In a room tiled or paved with equal tiles, of any shape, a coin is thrown upwards; one of the players bets that after its fall the coin will rest cleanly, i.e., on one tile only; the second bets that the coin will rest on two tiles, i.e., that it
will cover one of the cracks which separate them; a third player bets the coin will rest over 3, 4, or 6 cracks: it is required to find the chances for each of these players.

This problem is regarded as the precursor of the famous "needle problem" .

Buffon in his own words states, "I assume that in a room, the floor of which is merely divided by parallel lines, a stick is thrown upwards and one of the players bets the stick will not intersect any of the parallels on the floor, whereas on the contrary the other one bets the stick will intersect some one of these lines; it is required to find the chances of the two players. It is possible to play this game with a sewing needle or a headless pin."

Buffon's Needle

Suppose we have a floor made of parallel strips of wood, each the same width, and we drop a needle onto the floor. What is the probability that the needle will lie across a line between two strips?

Uspensky's Proof:

Let the parallel lines be separated \( d \) units apart. The length of the needle is given by \( l \),with the assumption \( l \le d \).Uspensky (1937) provides a proof that the probability of an intersection is \( p = \frac{2l}{\pi d} \) . He develops this by considering a finite number of possible positions for the needle as equally likely outcomes and then treats the limiting case as a representation of the problem. This includes a definition of randomness for the distance \(x\) of the needle's midpoint to the nearest line and the acute angle \( \phi \) if formed by the needle and a perpendicular from the midpoint to the line. The solution is obtained by computing the ratio of favorable outcomes to the total set
of outcomes and passing to the limit.

A measure of the set of total outcomes is given by:

\( \int_{0}^{\frac{\pi}{2}} \int_{0}^{\frac{d}{2}} dx d \phi = \frac{\pi d}{4} \)

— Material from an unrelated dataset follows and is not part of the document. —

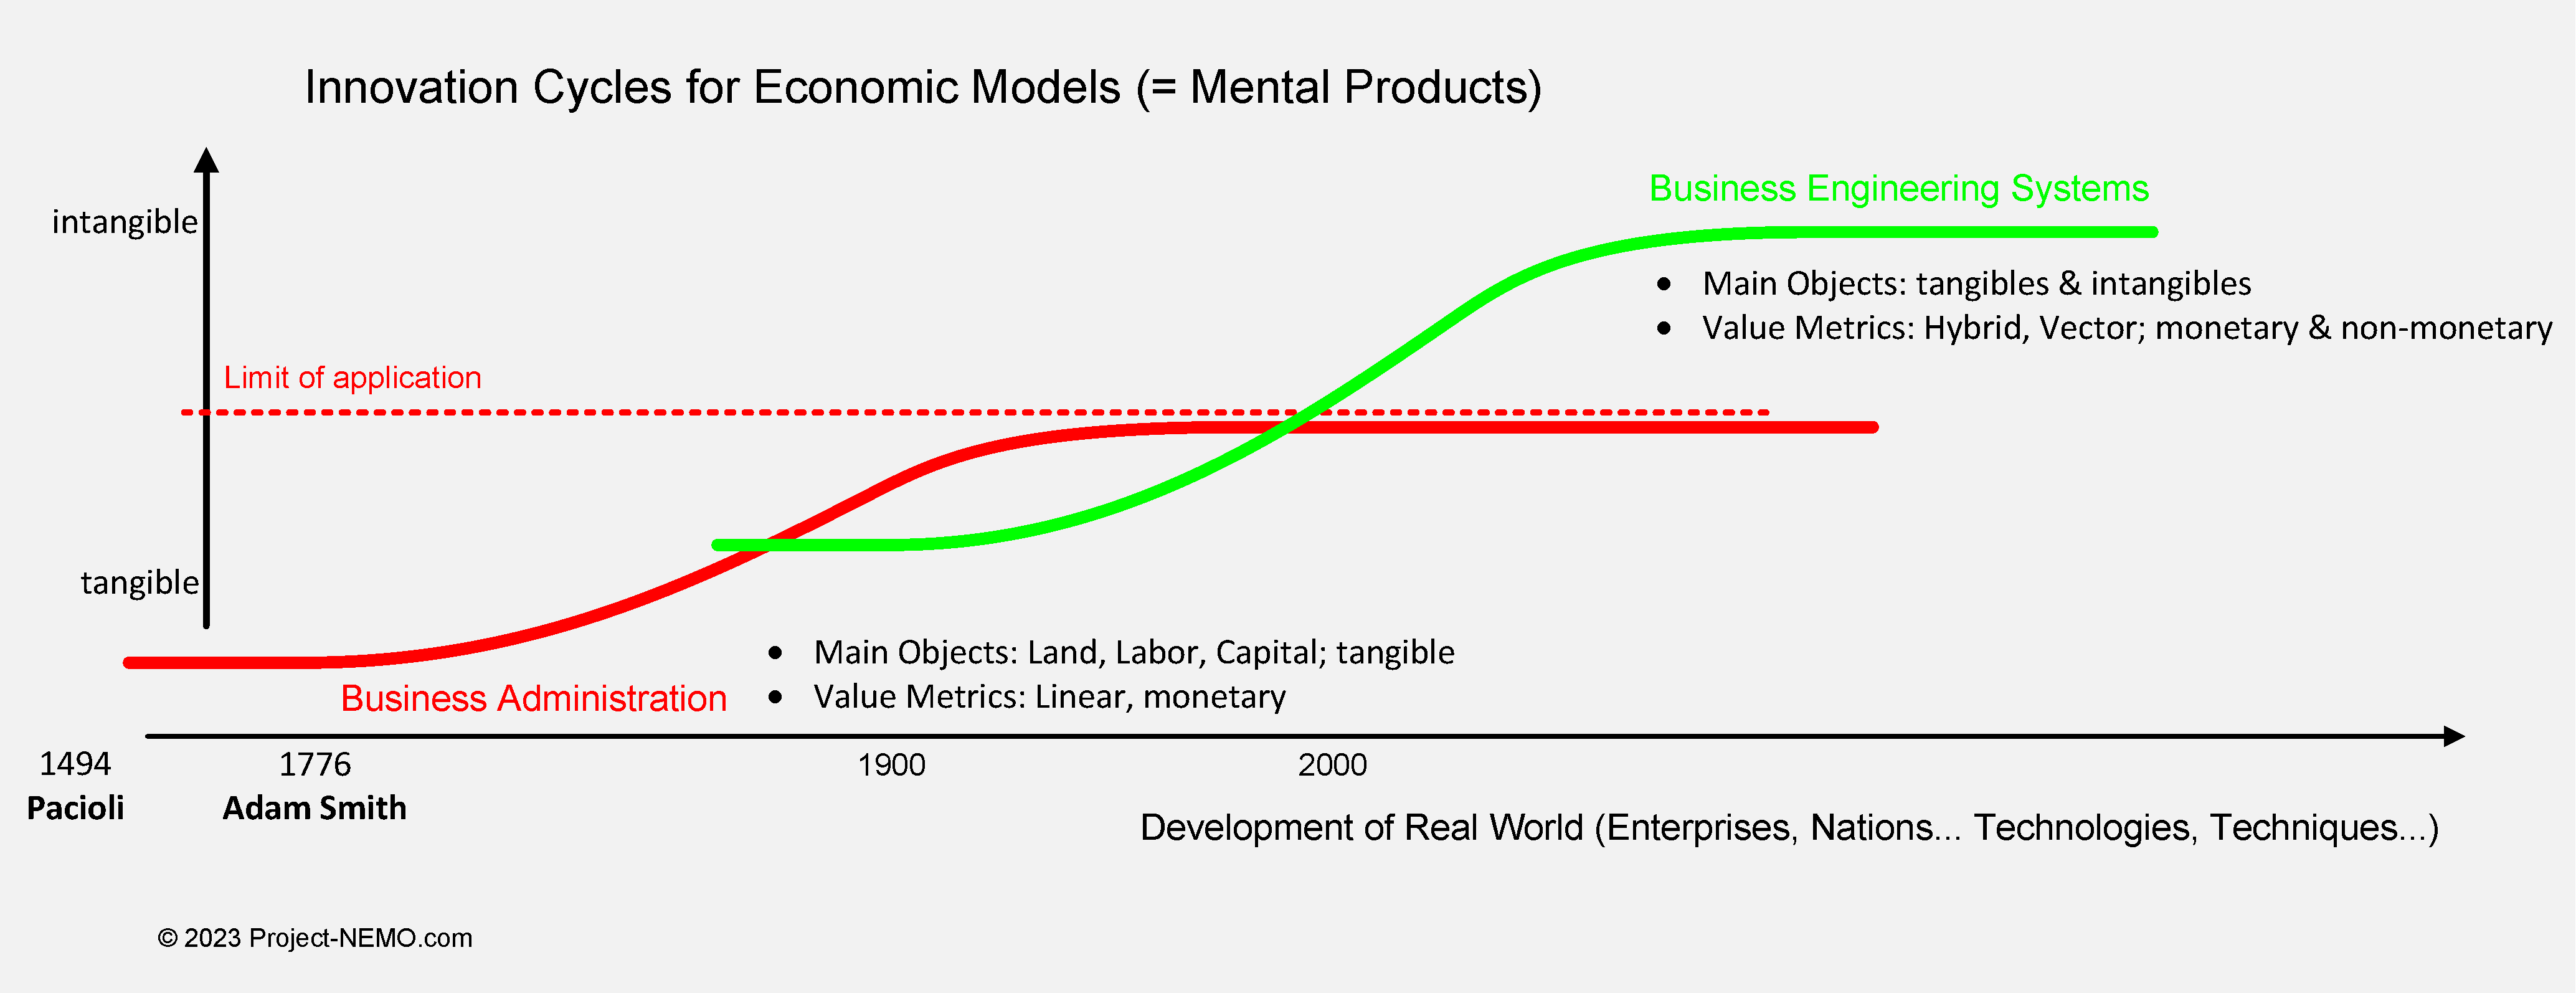 Innovation Cycles for Economic Models

From he figure above, it's evident that the measure of the set of intersections is:

\( \int_{0}^{\frac{\pi}{2}} \int_{0}^{\frac{l}{2} \cos \phi } dx d \phi = \frac{l}{2} \)

Therefore \( p = \frac{l/2}{(\pi d)/4} = \frac{2l}{\pi d} \).

For knowing about the further generalizations to this problem you must go through Laplace's Extension and Long Needle case.

Now, let's explore something new!

Barycentric Coordinates take guard!

What are barycentric coordinates?

For precise definiton and illustration of barycentres , you can go through Particle Geometry and Triangles.

The barycentric coordinates are generally defined in context of triangles but they can be set up in a more general space \(\mathbb{R}^n \) . For n=1, it takes 2 distinct points \(A \) and \(B \) and two coordinates \(u\) and \(v\). Every point \(K\) on the real line is uniquely represented as \( K = uA+vB \) , where \( u+v=1 \). More generally, to define the barycentric coordinates in \( \mathbb{R}^n \) , one need \( n+1 \) points that do not lie in a space of lesser dimension.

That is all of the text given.